In an externally imposed event like we are experiencing today, stress and fear of the unknown can negatively impact our ability to think, plan, and moderate behavior.  Living in stress continuously, without learning to manage it, also negatively impacts our immune function.

Left unchecked, the stress of outside events will eventually have negative effects on our health.  That’s the bad news.

Now, the good news.  Here are 7 simple, no cost tips to help you stay strong during this uncertain time.

  1. Deep Diaphragmic Breathing

Learning to slow your breathing using the diaphragm is an essential strategy.  Download the free app:  The Breathing App https://apps.apple.com/us/app/the-breathing-app/id1285982210  and use it to pace your breathing.  While we are in this crisis period, do this for 5 minutes when you wake up, 5 minutes anytime during the day you feel stressed, and again at bedtime.
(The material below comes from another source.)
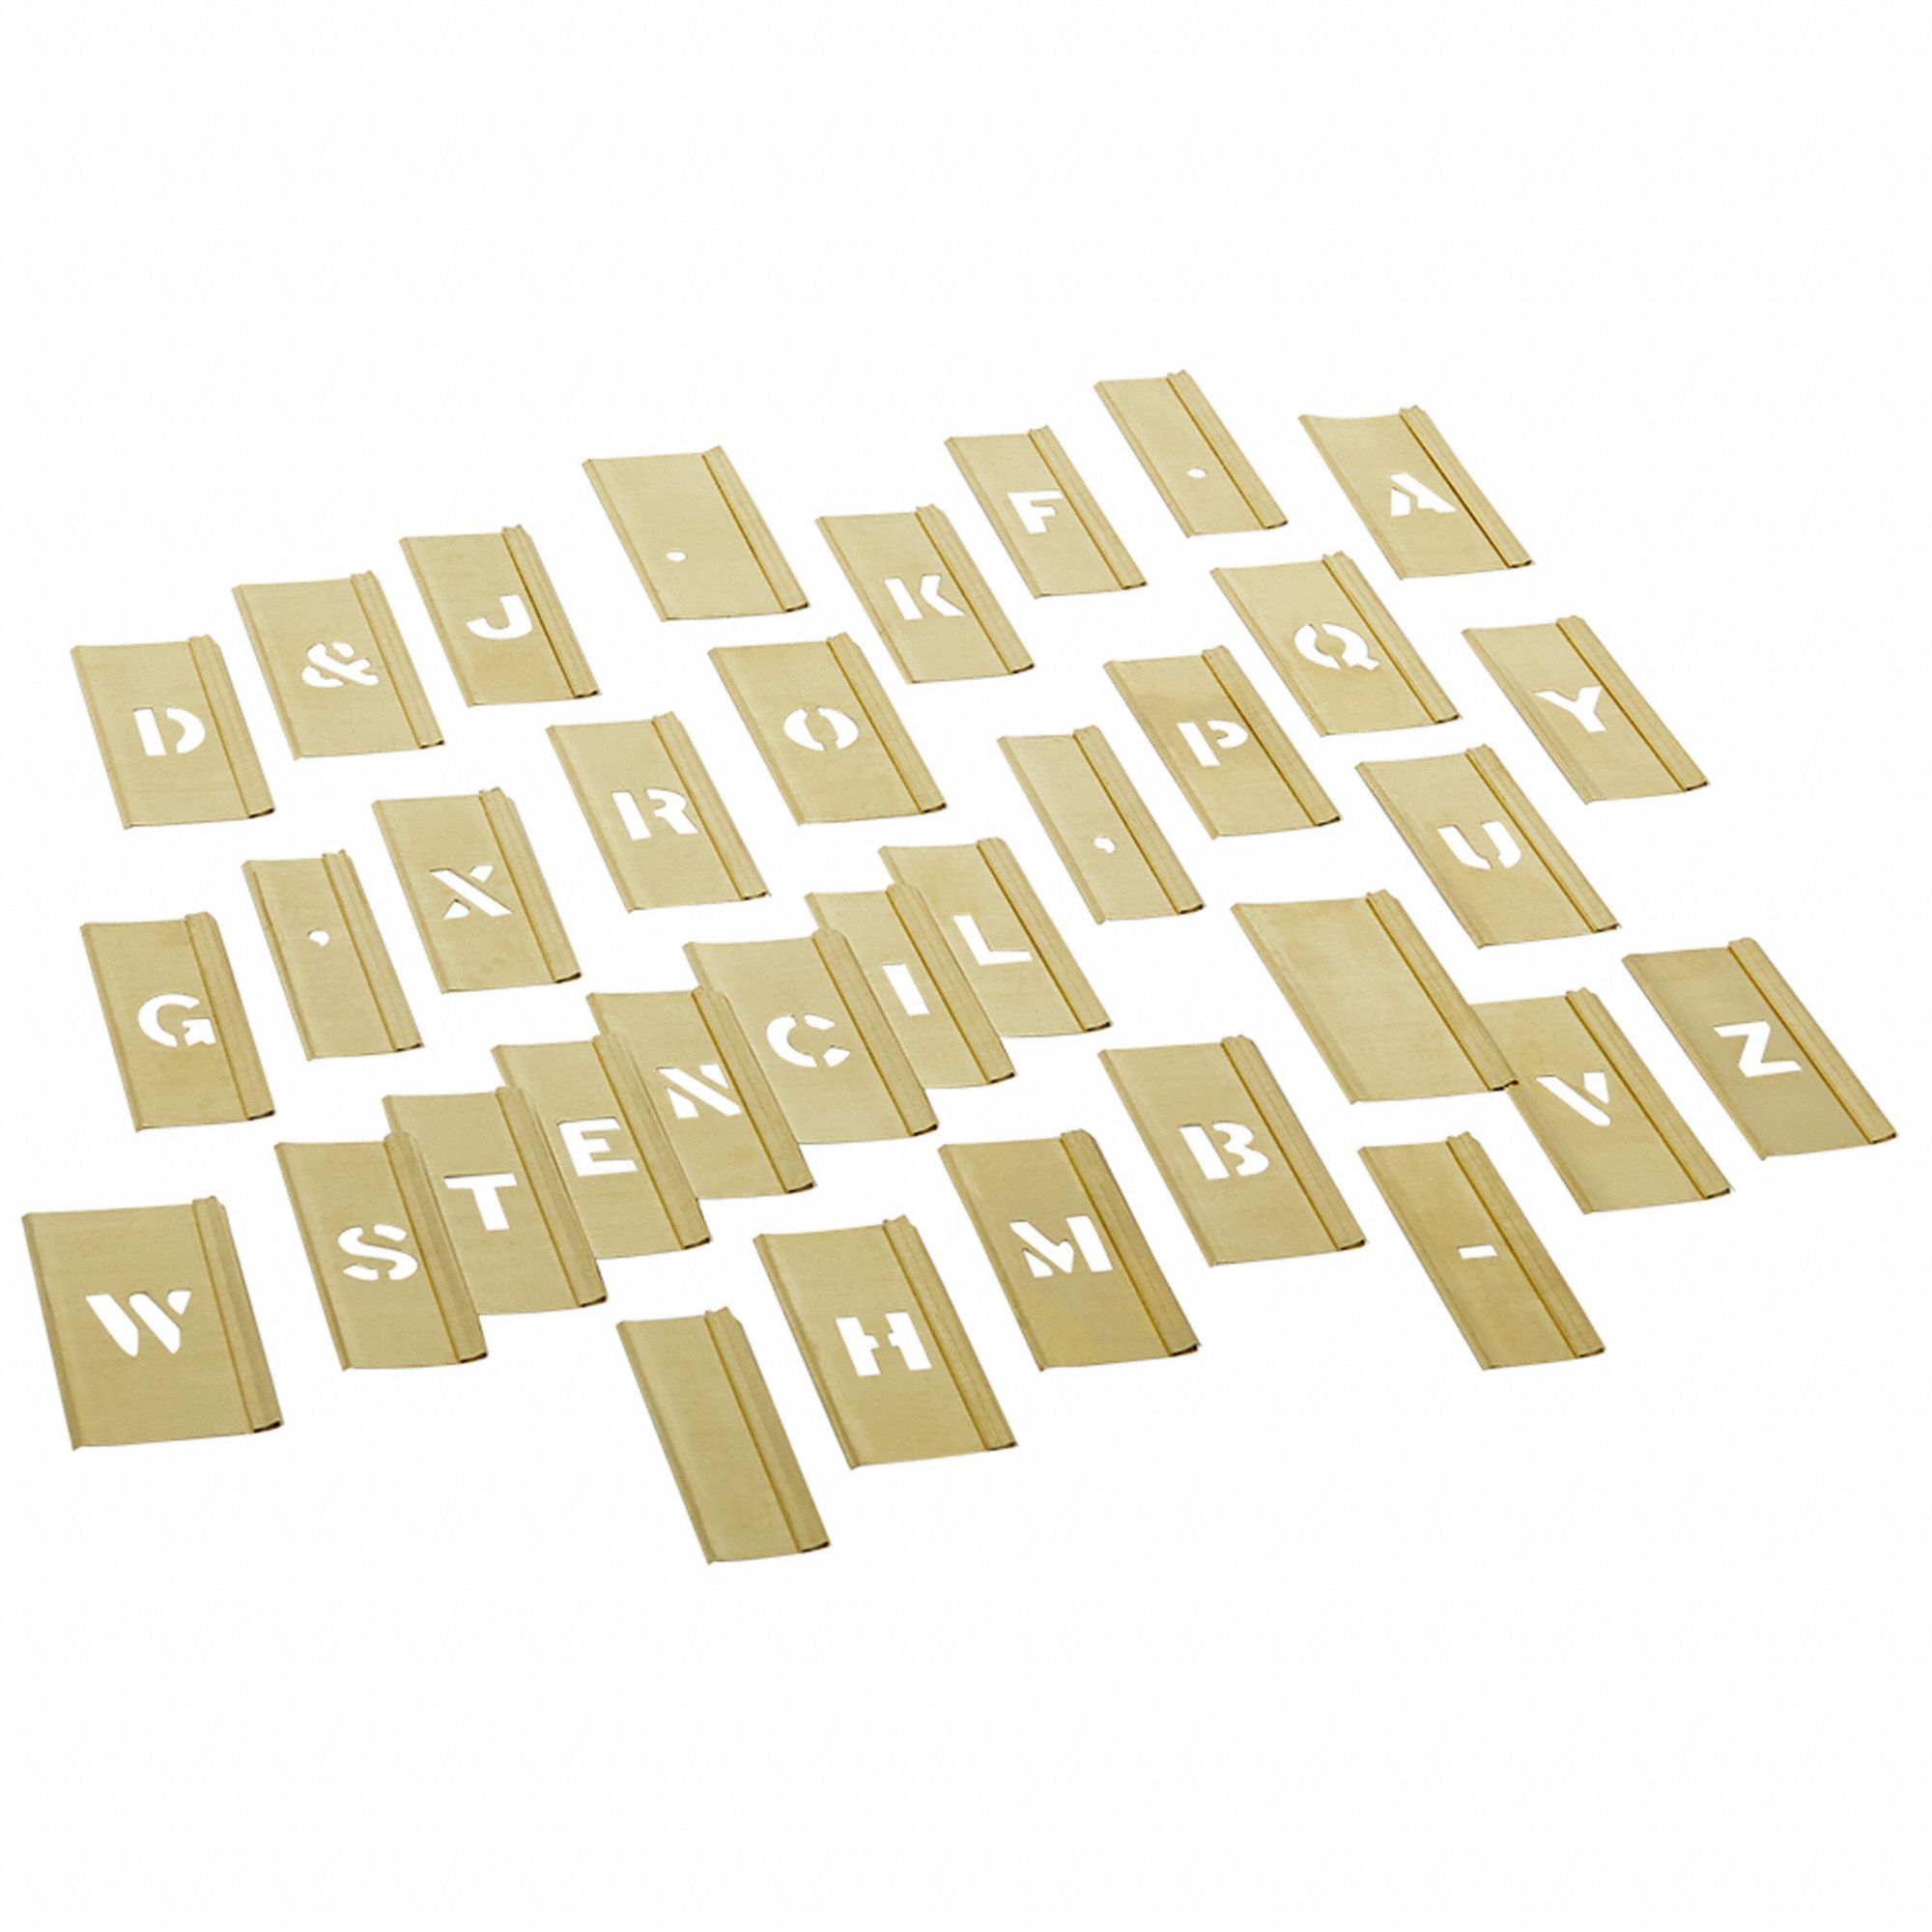 Stencil: 1/2 in Character Ht, 1/2 in Character Wd, Brass, 0.012 in Thick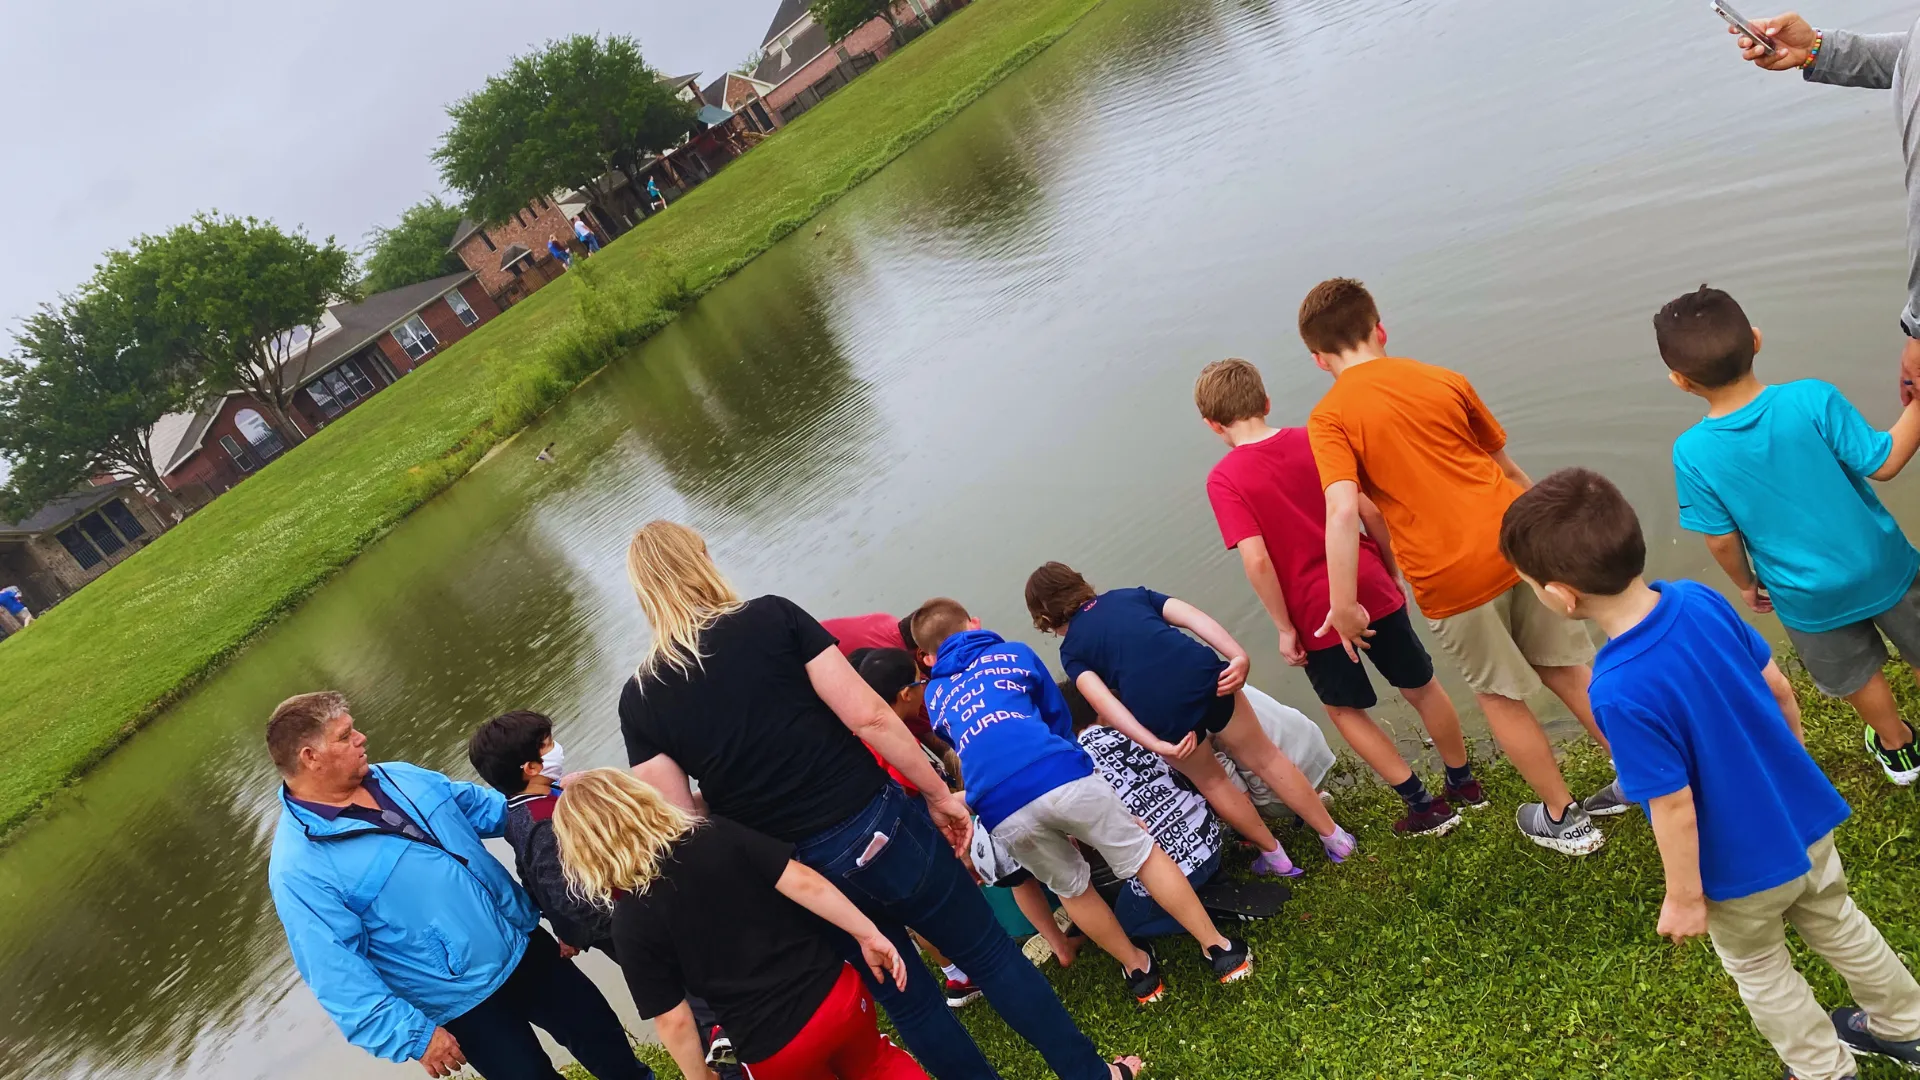 Kids helping with release of fish at neighborhood pond fish delivery

How can this help?  By pulling your body out of stress response and reversing the damaging biochemical reactions going on inside you.  Your body doesn’t know the difference between a lion about to eat you and a stressor you are conjuring up in your mind.  Breathing, consistently done, halts stress and builds resilience.

  1. Meditate

Go to YouTube https://www.youtube.com/watch?v=L1QOh-n-eus and use this or another free meditation guide.  There over 1,000 studies showing the benefits of meditation.  The more you do it, the more the benefits compound.  You can also read scripture and ponder a verse while you breathe and relax.

  1. Improve Your Sleep

Focus on being in bed for 7-1/2 hours to 8 hours so you get at least 6-1/2 hours of actual sleep.  Make the room as dark as possible with no device light showing anywhere.  Stop looking at devices one hour before bed.  Eat nothing at least 2 hours before bed so your body can restore rather than digest.  If you are stressed, do breathing exercises before bed.  If you wake up and can’t sleep, get out of bed, breathe for 5-10 minutes, then try falling back asleep.  You can also lower the house temperature to 66-67 degrees to help lower body temperature and improve sleep.

  1. Move

Get out and walk 30 minutes a day (with proper social distance) - but do take not of the MCO, else get in your exercise at home. The science is clear on this: movement improves mood, resiliency, helps manage stress and aids immune function.

  1. Clean Up Your Fuel

Nothing major here.  Cut down on sugar, alcohol and foods that spike blood glucose levels, like processed foods in bags and boxes.  Hydrate well.  Basic advice to strengthen you.  You may know it already.  But are you doing it?

  1. Supplements

Read a quick article here by the world-renowned Cleveland Clinic, on how to boost your immune function with supplements, food and water – https://health.clevelandclinic.org/3-vitamins-best-boosting-immunity/

  1. Manage Your Self-Talk

The goal here is to get you out of stress response by getting you out of negative self-talk.

 

Dr Russ Harris pioneered a simple tool to help reframe your self-talk that has helped a lot of people.  If you are interested, go to this link and read a chapter in his book that explains it all.  https://www.actmindfully.com.au/wp-content/uploads/2019/05/Chapter-1-of-2nd-edition-ACT-MAde-Simple.pdf  The big idea is to learn to recognize a thought pattern, name it, recognize it’s not helpful right in this moment to your health or future goals, and then let it go.

 

The real power in these 7 tips comes when you stack them and compound the benefits of each.  The overriding goal is to get your nervous system and biology working for you, rather than against you.